Tom Palmer was Group Director of Services Strategy at Rolls Royce and has recently joined The Advanced Services Group as a Visiting Professor. In this blog, he is sharing his reflections on Servitization and the future of manufacturing.
We have been talking about Servitization for quite a while now. The term was first coined in the 1980s to mean the evolution towards the provision of services as a business model. The Advanced Services Group is one of a handful of academic centres focused on research around this concept.
The themes that power industrial servitization are still there – and stronger. In particular, these are:
- the increasing availability of capable digital platforms providing the ability to manage product and usage data,
- the move towards the circular economy – to sharing assets rather than owning them and
- customer expectations evolving towards “accessing” assets.

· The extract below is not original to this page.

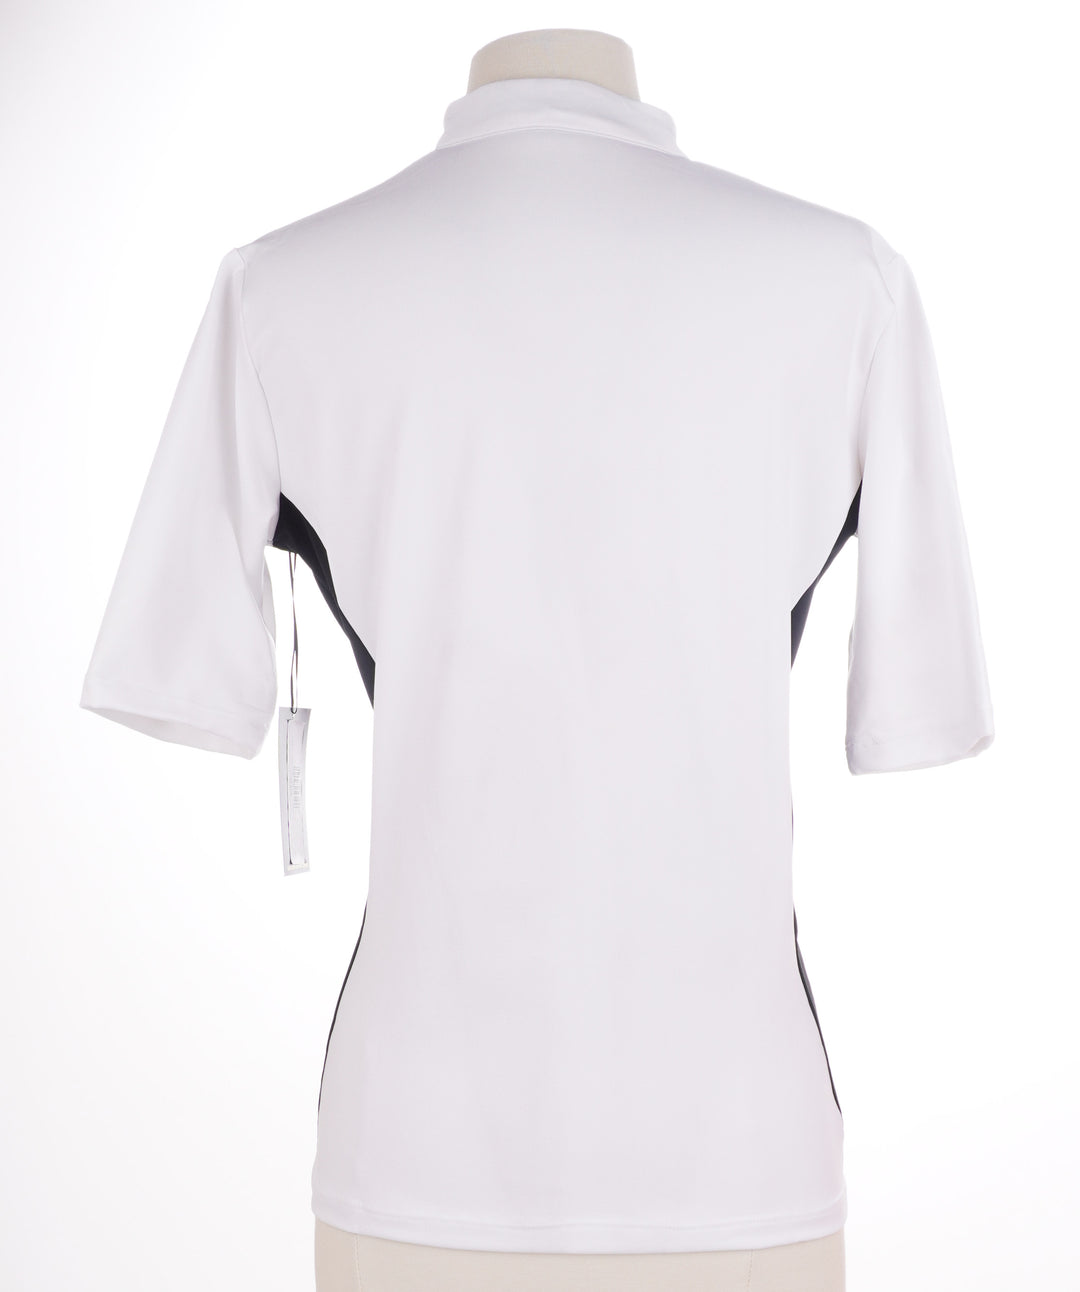 Goldenwear Forgiving Rhinestone Short Sleeve - White/Black - Skorzie

To me, this makes the move towards the provision of customer solutions at minimum financial and environmental cost inevitable.
There are profound strategic implications for product manufacturers. In simple terms, over the next few decades, many manufacturers will have to make the decision of whether to embrace servitization themselves and transition towards broader customer solution provision – or to focus completely on winning in a different competitive landscape through superior product characteristics. They will accept that they may soon be supplying to a broader solution provider or aggregator that will be focused on capturing customer value for themselves.
For those that go down the servitization route, there are new skills and competencies to master. This is not easy. My experience of over 30 years living and leading this change in one of the world’s leading industrial solution providers is that this means dramatic organisational, cultural and business model changes.
For those that don’t go down the servitization route, the change may still be profound as they discover what it takes to win as a more niche product-only business in an increasingly global and efficient industrial landscape where broader solution providers look to exploit market inefficiencies.
Finally, there are implications here for national industrial policymakers. Customer solution providers get to decide which products they buy – and from where. And so it will become increasingly important for industrial policy to support this evolution, in order to protect and support national manufacturing.